STEINBERG: Don’t we have enough about JFK’s assassination already?

SHARE STEINBERG: Don’t we have enough about JFK’s assassination already?

The last batch of classified John F. Kennedy assassination material — thousands of pages — is expected to be released Thursday. | AP file photo

Many hieroglyphics have never been read. At least not since whatever tomb or ruin where they were discovered was unearthed. The papyrus or pot shard is collected, put into a drawer at an academic institution to await someone to come along and read it. Fifty or 100 years might go by.

Just as well. When scholarly eyes finally fall upon ancient writings, they find not a beautiful poem or key piece of history but a sales receipt, another inventory of wheat or a recipe for beer. Most of life is ordinary, even under the pharaohs.

That truth echoes to the current day. Ordinariness abounds though we refuse to accept it.

The last batch of classified Kennedy assassination material — thousands of pages — is expected to be released Thursday.

Oh goody, just what we need. More words about the Kennedy assassination. Because there just aren’t enough now. We’re curious about the new batch even though we have only the vaguest notion of what we already have.


In one of those coincidences that would look trite in fiction, I can, as I sit here writing, shift my right knee six inches and touch 21 volumes of “HEARINGS BEFORE THE PRESIDENT’S COMMISSION ON THE ASSASSINATION OF PRESIDENT KENNEDY.” Sturdy blue volumes, each with the Great Seal of the United States on the cover.

The 2-foot-high stack is under my desk because the Sun-Times is moving its office to the West Loop. Part of the process of squeezing our physical presence to fit a smaller space has been shedding books. The Kennedy report was fished out of a dumpster by a colleague, then abandoned at my office like 21 blue-swaddled babes since I’m the crypt keeper, apparently, for this kind of thing.

I glanced at the first page of the first volume, which begins as promisingly as any drama:


THE CHAIRMAN. Well, Mrs. Oswald, did you have a good trip here?

She never answers that question. Before she can reply, the commission is called to order and a period of legalistic throat-clearing is endured. Her 46 interviews with the FBI are mentioned. Incomprehensible detail is gone into. Not just the date she first arrived in this country but the hour. The young widow — she was 22, and yes, she is still alive — is asked the name of the ship she came over on and the name of the hotel. She is uncertain. The hotel was somewhere in the Times Square area, “not far from the New York Times.”

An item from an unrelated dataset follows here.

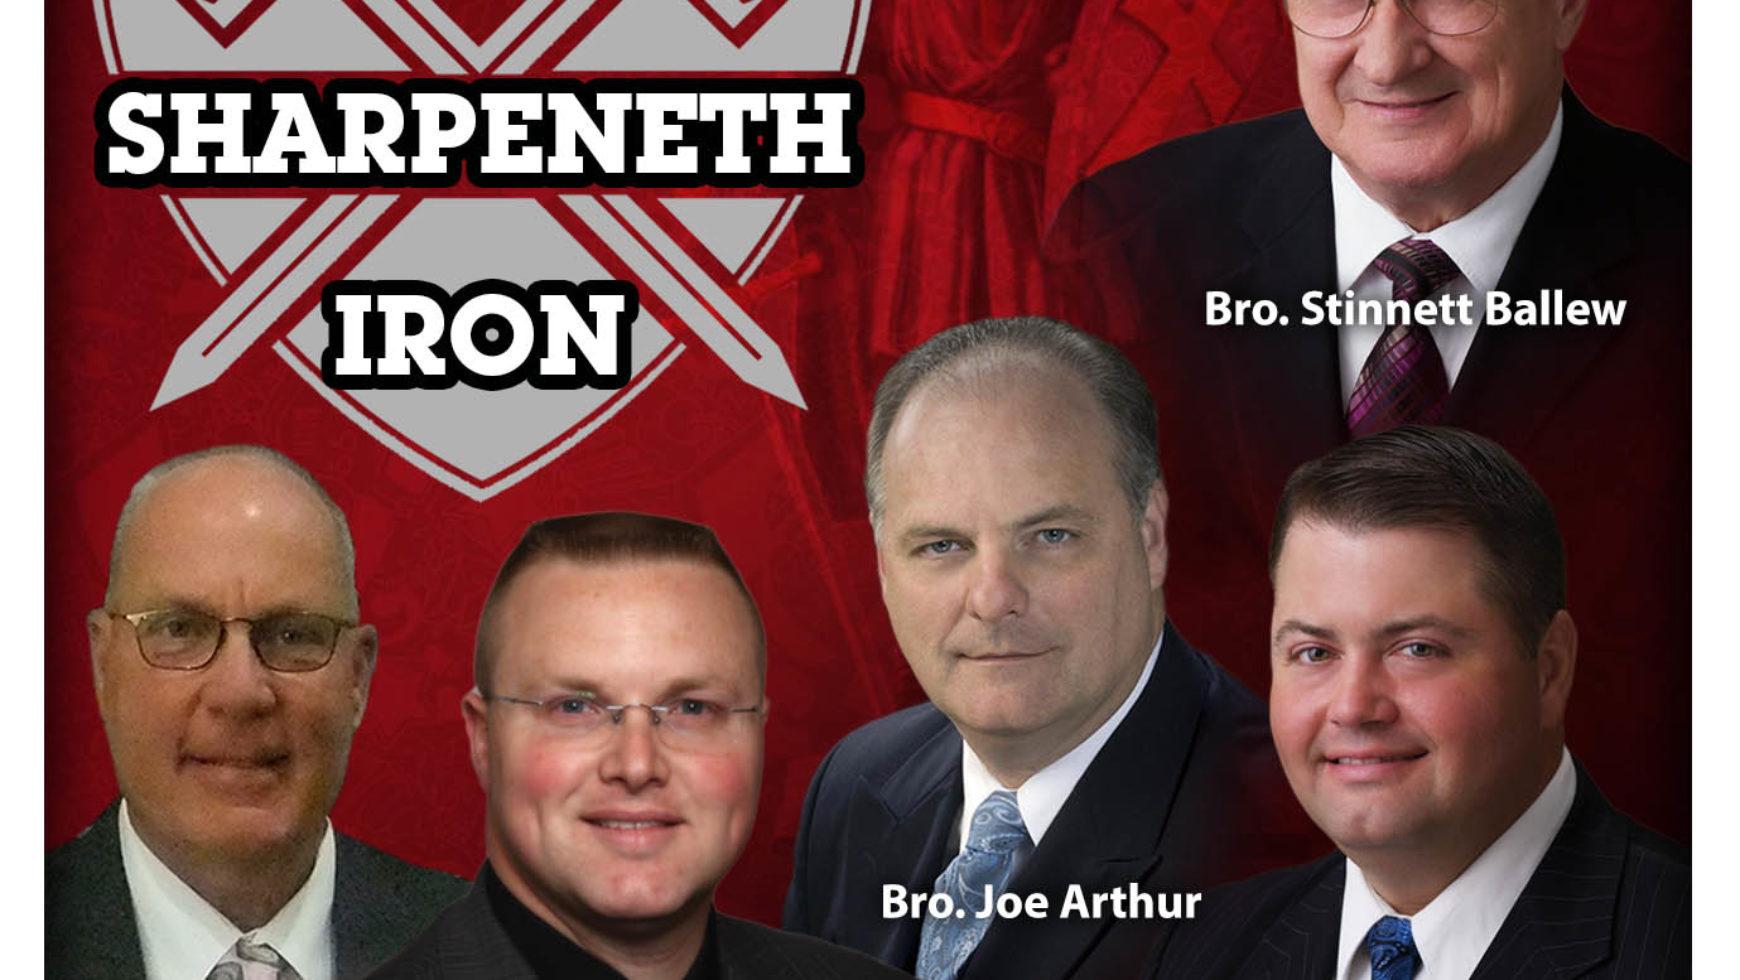 Area Meeting: Revival – Iron Sharpeneth Iron – Anchor of Hope Baptist Church – Rossville, Ga
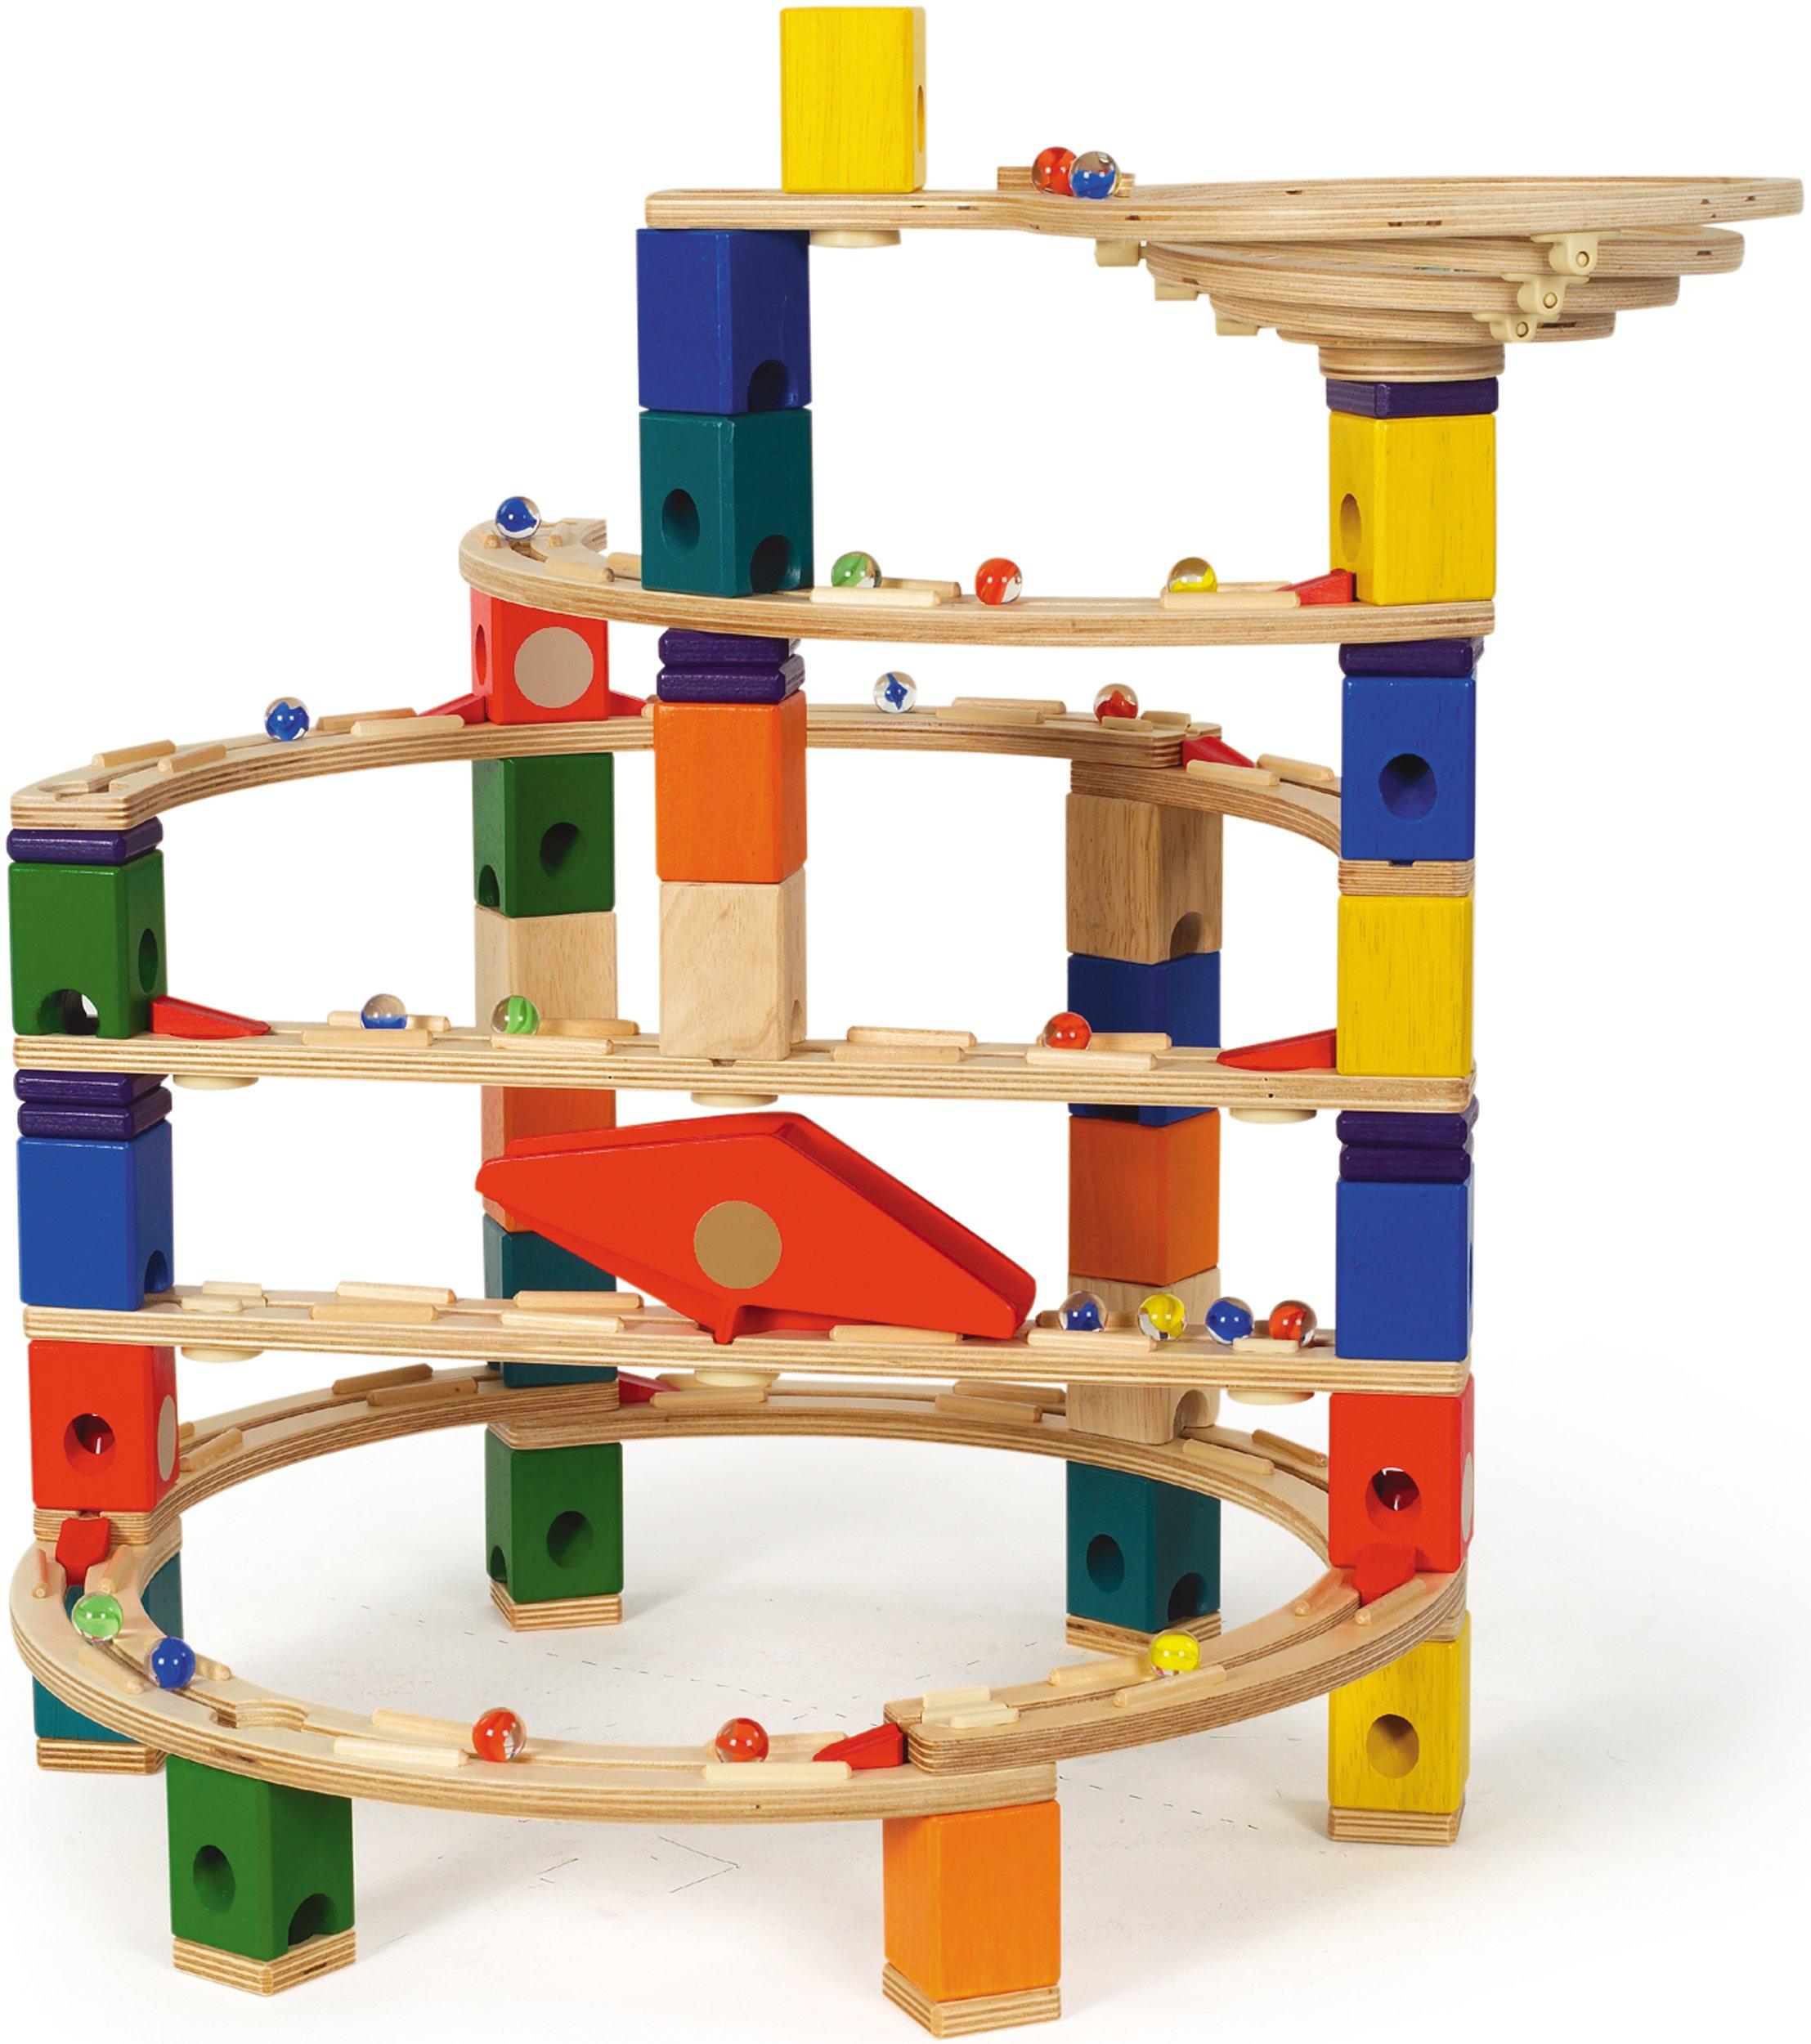 Hape Quadrilla Wooden Marble Run Construction Quadrilla Basic Set 98 Pieces

Enter the media! So they were in on it from the start.

The new documents will fuel more wild speculation, as if such a thing were possible. The Kennedy assassination is the mother lode of conspiracy theories, a nation-wrenching event whose obvious explanation — Oswald did it — was so unsatisfying to those who couldn’t accept that one loser with a mail-order rifle could so jar the world.

Spoiler alert: He can. Although, reading the testimony, I had forgotten that his wife was a Russian; she speaks Russian to a translator. Maybe Russian meddling with U.S. internal affairs didn’t start with Donald Trump.

Her testimony makes interesting reading. Lee Harvey Oswald would get angry if dinner was five minutes late. “And I do mean five minutes — it is not that I am exaggerating,” Marina Oswald told the committee. “He would be very angry. Or if there were no butter on the table, because he hadn’t brought it from the icebox, he would with great indignation ask, ‘Why is there no butter?'”

This goes on for 263 closely packed, small-print pages, with 20 more volumes of photos — stills from the Zapruder film, the Nix film. Letters, telegrams, reports.

A mass of information. And from that information has been mined, well, whatever conclusion you like. Oswald was alone. Oswald was the patsy. It was the CIA, the Mafia, the Cubans, the Church, the Russians. Personally, I suspect Lyndon Johnson, just because he was that sort of guy. “If you do everything, everything you can,” Johnson liked to say. “You will succeed.”

I wish we could spend half of the time wasted parsing conspiracy theories instead wondering why we feel compelled do so.